# Taskmanager



## Friedemann (10. April 2004)

Wie kann ich mein Programm so verstecken, dass 
man nicht im Taskmanager unter Anwendungen sieht?

Ich benutze Borland C++ Builder 1

DANKE


----------



## Thomas Lindner (10. April 2004)

Garnichts, *geht nicht*, unerwünscht !

... und was möchten wir den böses programmieren, das nicht sichtbar sein soll?
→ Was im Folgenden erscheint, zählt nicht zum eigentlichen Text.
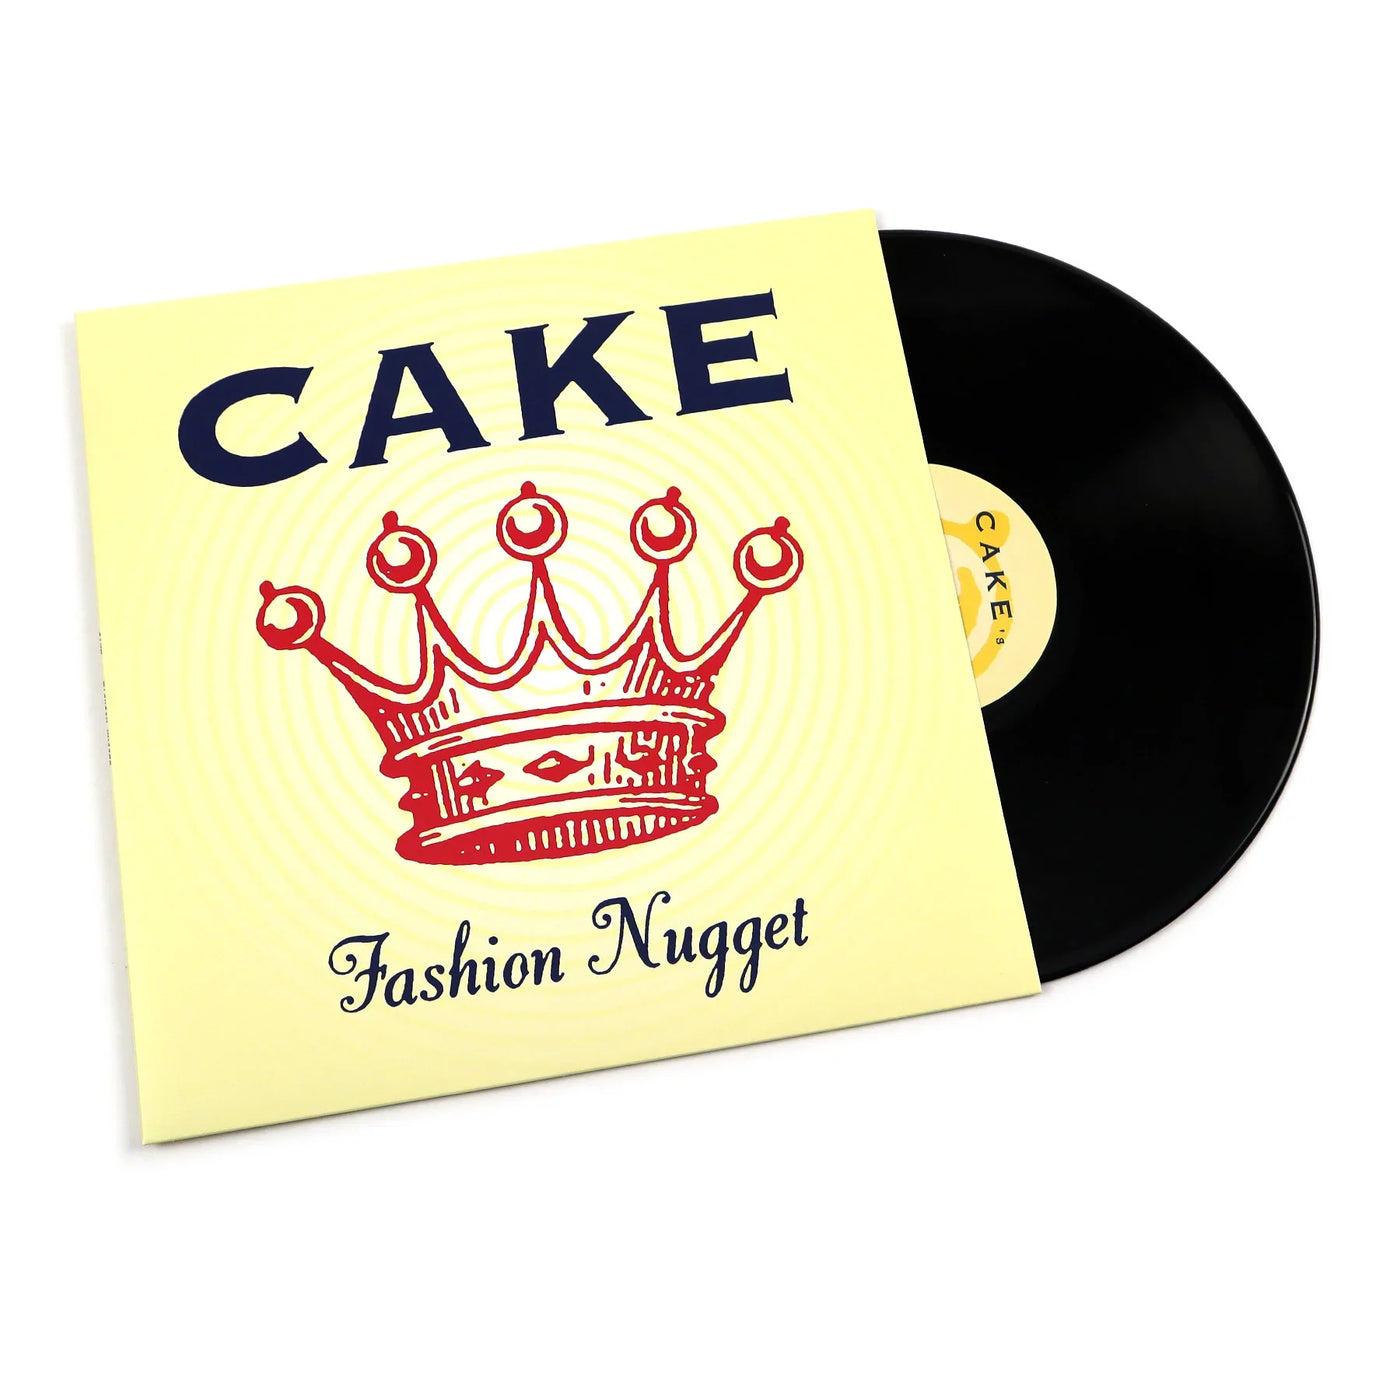 NEW/SEALED! Cake - Fashion Nugget (180 Gram Vinyl, Remastered, Reissue)

(Wir fördern keine Projekte, wo der Verdacht illegaller Aktivität besteht!)


----------



## Friedemann (10. April 2004)

Ein Programm, welches im Hintergrund läuft und sofort Alarm schlägt,
wenn eine Verbindung ins Internet erfolgt!

Is das denn so Böse ?


----------



## Thomas Lindner (10. April 2004)

Und wieso darf das nicht im Taskmanager sein *confused'* .


----------



## stephanl (10. April 2004)

hmm, versprichst Du, dass es nichts "böses" ist?

Dann sage ich es Dir, aber ich übernehme keine Verantwortung.


----------



## Friedemann (10. April 2004)

! Ja es ist nichts Böses
Ich verspreche es !
Es ist kein Virus kein
Trojaner kein Worm
oder sonst irgentwas
böses es ist nur ein 
Programm, welches
die Internetverbindung
überwacht !


----------



## Thomas Lindner (10. April 2004)

> _Original geschrieben von Thomas Lindner _
> *Und wieso darf das nicht im Taskmanager sein *confused'* . *



Noch auf Antwort wartet!

Wir dürfen hier keine illegalen Sachen unterstützen!

Also? Welchen plausiblen Grund sollte es geben ein Programm aus dem Taskmanger zu entfernen?


----------



## Friedemann (10. April 2004)

Dieses Programm soll im HINTERGRUND laufen,
damit es nicht Nervt und kaum auffällt, weil es sonst
immer stören würde.


----------



## Thomas Lindner (10. April 2004)

Dann redest Du vom Tray , bzw. der Taskleiste , aber nicht vom Taskmanager, weil den Taskmanager sieht man nur, wenn man STRG + ALT + ENFT drücklt!


----------



## Friedemann (10. April 2004)

Dieses Programm soll ständig im HINTERGRUND laufen.
Und es soll so unauffällig wie möglich sein, weil
es sonst stören würde!


----------



## Dario Linsky (10. April 2004)

Stichwort Service. Solche Dienstprogramme laufen im Hintergrund und werden nicht in den Anwendungen des Taskmanagers angezeigt. Überhaupt stehen im Taskmanager nur die Programme als "Anwendungen", die in der Taskleiste aufgeführt sind oder eine Benutzerschnittstelle haben.
Hintergrundanwendungen und Dienstprogramme laufen unter der Registerkarte "Prozesse".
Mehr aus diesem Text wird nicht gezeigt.